Walaupun ajaran Trias Politica tersebut sangat dirasakan pengaruhnya
sampai sekarang, tetapi di dalam praktik kehidupan kenegaraan ternyata ajaran itu
tidak dapat diterapkan secara mutlak, oleh karena ternyata di dalam praktik
pengertian fungsi kekuasaan negara dan organ negara perlu ada pembedaan.
Selain itu, di dalam kenyataannya satu organ negara itu mungkin dapat melakukan
lebih dari satu fungsi kekuasaan negara, misalnya organ eksekutif dapat saja
memegang kekuasaan legislatif.
Dalam kehidupan kenegaraan yang berlaku dan sesuai ketentuan-ketentuan
dalam UUD 1945, Indonesia jelas tidak menganut ajaran Trias Politica dengan
adanya pemisahan kekuasaan (separation of powers atau scheiding van machten).
Berdaasarkan ketentuan-ketentuan dalam UUD 1945 dan Penjelasannya,
pemegang ketiga kekuasaan negara di Indonesia dilakukan oleh:
1. Kekuasaan eksekutif, dipegang oleh Presiden;
2. Kekuasaan legislatif, dipegang oleh Presiden dengan persetujuan DPR;
3. Kekuasaan yudikatif, dipegang oleh MA dan badan-badan peradilan lainya.
Dengan adanya kekuasaan eksekutif di tangan Presiden sekaligus kekuasaan
legislatif (dengan persetujuan DPR), serta kekuasaan yudikatif di tangan MA dan
badan-badan peradilan lainnya, sebenarnya Indonesia menganut sistem

3
pembagian kekuasaan (distribution of powers) dalam menyelenggarakan
Pemerintahan Negara Republik Indonesia.

B. Presiden Penyelenggara Tertinggi Pemerintahan Negara


Di dalam Pasal 4 Ayat (1) UUD 1945 (sebelum Perubahan) dirumuskan
sebagai berikut:
“Presiden RI memegang kekuasaan pemerintahan menurut UUD”.
Dengan mengambil rumusan dari Pasal 4 Ayat (1) UUD 1945 tersebut dapat
disimpulkan bahwa Presiden adalah Kepala Pemerintahan di Negara Republik
Indonesia.
Menurut Jellinek pemerintahan mengandung 2 (dua) arti, yaitu arti formal
dan arti material.
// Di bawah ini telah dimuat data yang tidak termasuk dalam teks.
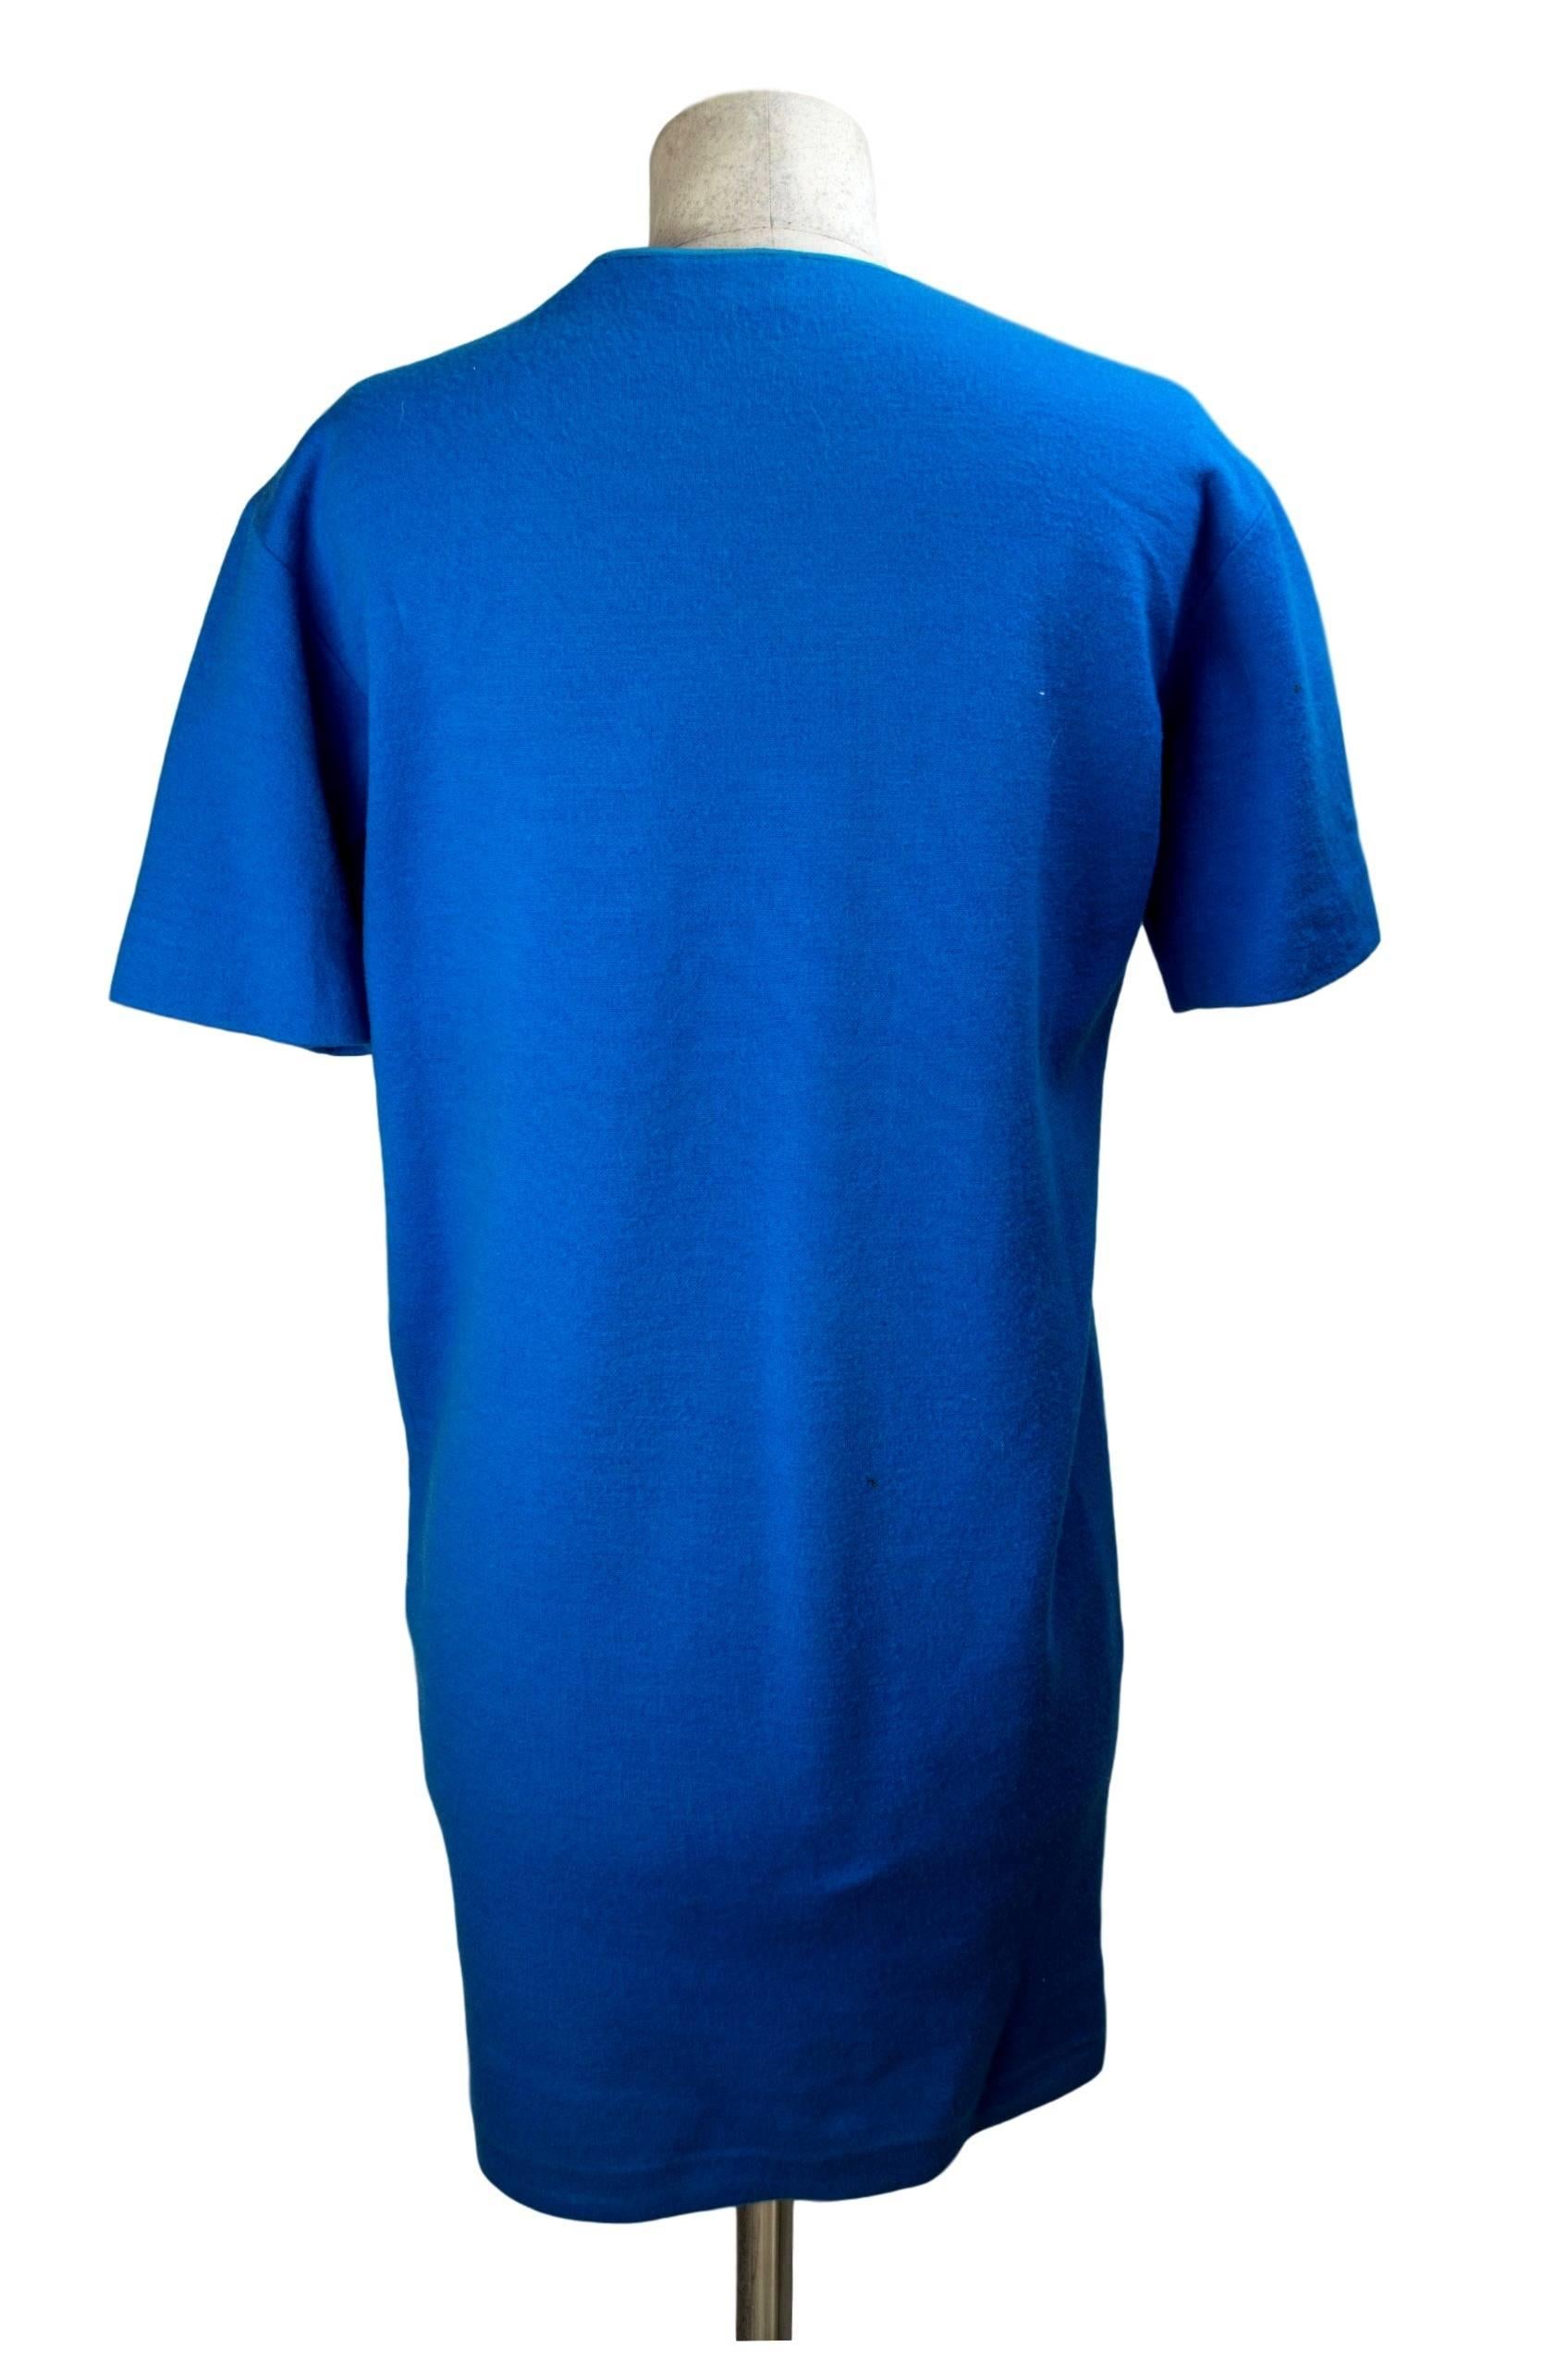 Blue Gianfranco Ferrè 1970s blue tunic dress women's size 44 100% wool

Pemerintahan dalam arti formal mengandung kekuasaan
mengatur (Verordnungsgewalt) dan kekuasaan memutus (Entscheidungsgewalt),
sedangkan pemerintahan dalam arti material berisi dua unsur memerintah dan
unsur melaksanakan (das Element der Regierung und das der Vollziehung).
Dari ketentuan Pasal 4 Ayat (1) UUD 1945 dapat ditarik kesimpulan bahwa
kekuasaan pemerintahan itu mengandung juga kekuasaan pengaturan dalam arti
membentuk peraturan. Hal ini sesuai juga dengan pendapat dari van Wijk dan W.
Konijnenbelt yang menyatakan bahwa pelaksanaan (uitvoering) dapat berarti
pengeluaran penetapan-penetapan atau berupa perbuatan-perbuatan nyata lainnya
ataupun berupa pengeluaran peraturan-peraturan lebih lanjut ( gedelegeerde
wetgeving).
Apabila dilihat pada teori van Vollenhoven, pengertian pemerintahan
(regering) bisa berarti sebagai lembaga (overheid) dapat pula berarti sebagai suatu
fungsi (functie). Pemerintahan dalam arti luas terdiri atas 4 (empat) fungsi, yaitu:
1. Ketataprajaan (bestuur);
2. Pengaturan (regeling);
3. Keamanan/kepolisian (politie); dan
4. Peradilan (rechtspraak).
Dimana fungsi yang terakhir ini kemudian dipisahkan karena adanya wawasan
negara berdasar hukum (Rechtsstaat).
Pemerintah dalam arti lembaga yang menyelenggarakan pemerintahan
sesuai dengan UUD 1945 adalah Presiden. Pengertian ini diperjelas oleh A.
Hamid S. Attamimi dengan penjelasan, sebagai berikut:
“Di bawah UUD 1945, yang dimaksud dengan Pemerintah (regering)
ialah organ yang dipimpin oleh Presiden RI sebagai penyelenggaranya
yang tertinggi, dengan bagian-bagiannya terdiri dari Pemerintah Pusat,
Pemerintah Daerah Tingkat I dan Pemerintah Daerah Tingkat II”.

4
Pasal 4 Ayat (1) UUD 1945 menegaskan lebih lanjut, “Presiden RI
memegang kekuasaan pemerintahan menurut UUD”.
“Dengan demikian sesuai UUD 1945 Presiden RI selain memegang
kekuasan pemerintahan, ia juga penyelenggara tertinggi Pemerintah
Negara. Dengan demikian, seluruh tugas dan fungsi staatsregering dari
Negara Republik Indonesia berada di tangan Presiden, dan Presiden
jugalah Penyelenggara Tertinggi organ staatsregering tersebut”.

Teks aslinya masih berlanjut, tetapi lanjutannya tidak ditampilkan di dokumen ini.